We have recently commissioned Gaffney Cline to produce a reserve estimate on our shallow structures and expect the results to be available before the end of the year.
Acquisition of 3A Best
In January 2018, we announced the intention to purchase a new Contract Area, 3A Best by the purchase of 100% of the shares of 3A Best Group JSC for a consideration of $24 million payable in new Caspian Sunrise shares to be issued at a price of 12p per share.
Background
3A Best owns a Contract Area of 1,347 sq km located close to the Caspian port city of Aktau in the Mangystau Province of Kazakhstan. The Contract Area is adjacent to and runs under the commercially successful Dunga field, which was discovered in 1966 and developed by Maersk Oil.
Based on an assessment of the geology Caspian Sunrise’s technical team believe some of the geological characteristics of the Dunga Contract Area are also present at 3A Best. Additionally, they believe the area 2,500 meters and below the Dunga Contract area, which forms part of the 3A Best Contract Area, also indicates the likely presence of oil.
490 sq km of 3D seismic has been shot. 1,327 linear km of 2D has been digitised and reprocessed. C2 reserves, using the Soviet system of classification, of 3.67 million tonnes (approximately 26.8 mbbls) have been assigned to the 3A Best Contract Area.

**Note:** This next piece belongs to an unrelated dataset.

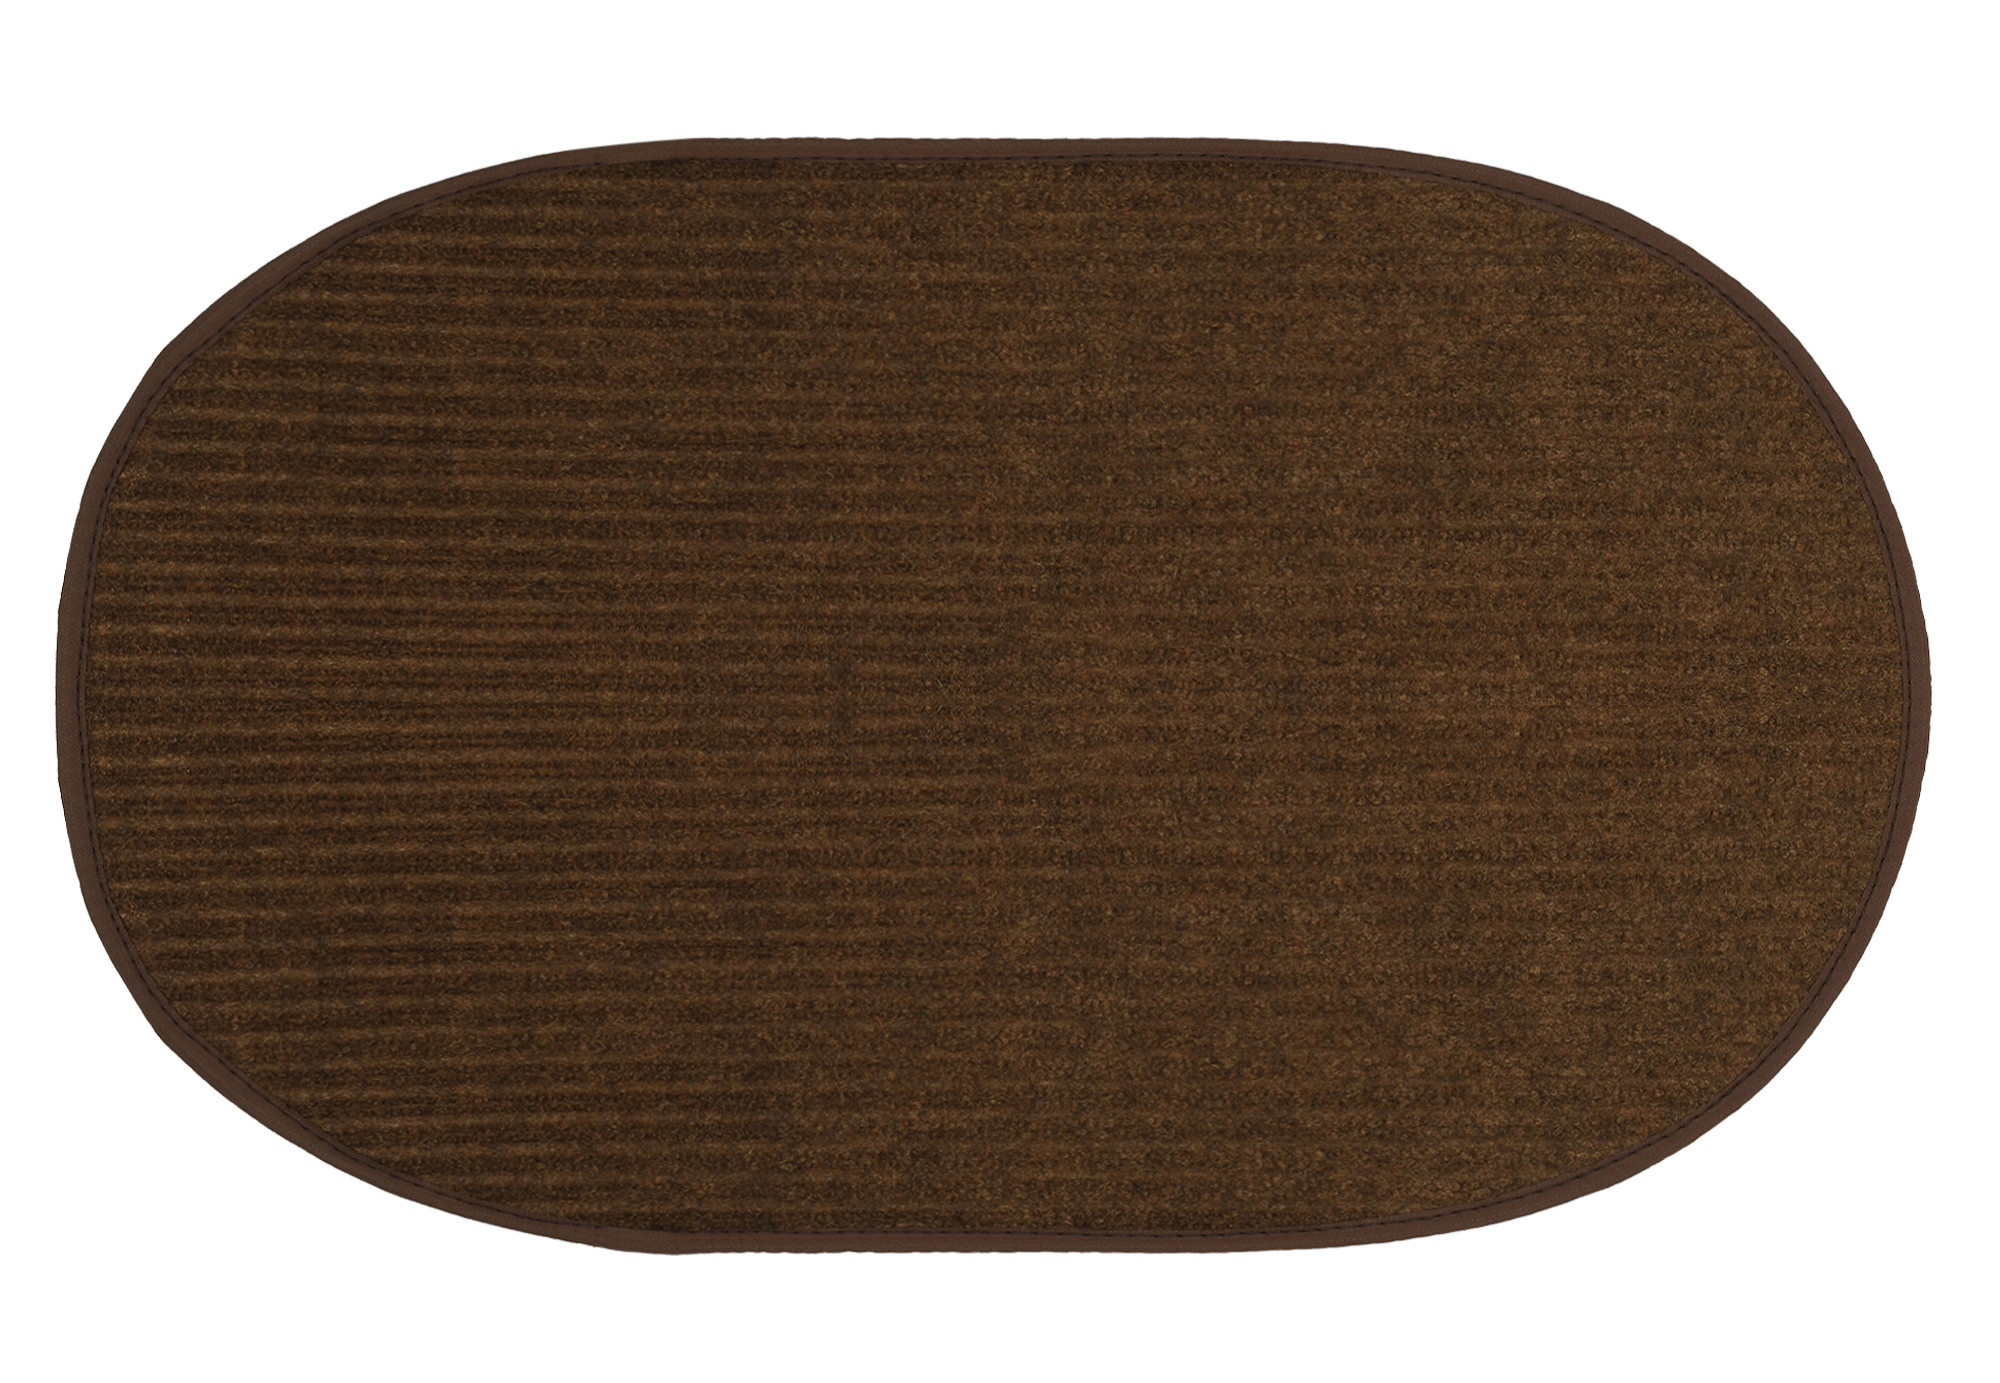 Kuber Industries Oval Shape Durable Microfiber Door Mat, Heavy Duty Doormat, Indoor Outdoor, Easy Clean, Waterproof, Low-Profile Mats for Entry, Patio, Garage (Set Of 2,14'' x 23'',Maroon & Brown)-KUBMRT12113

Two wells have been drilled on the Contract Area in recent years, both encountering water and signs of oil & gas, although neither was commercially successful.
Caspian Sunrise will, by completing the acquisition of 3A Best, become responsible for the outstanding work programme commitment represented by the drilling of one well to a depth of 3,000 meters at an estimated cost of up to $2 million.
Related Party Transaction
As a result of the shareholdings in 3A Best of the family of Kuat Oraziman, the Chief Executive Officer of Caspian that holds one third of 3A Best and of Kairat Satylganov, its former Finance Director who holds one third of 3A Best, the Acquisition was considered a related party transaction under the AIM Rules. The independent directors of the Company in respect of AIM Rule 13, being Clive Carver and Edmund Limerick, considered, having consulted with WH Ireland, that the terms of the Merger were fair and reasonable insofar as Shareholders were concerned.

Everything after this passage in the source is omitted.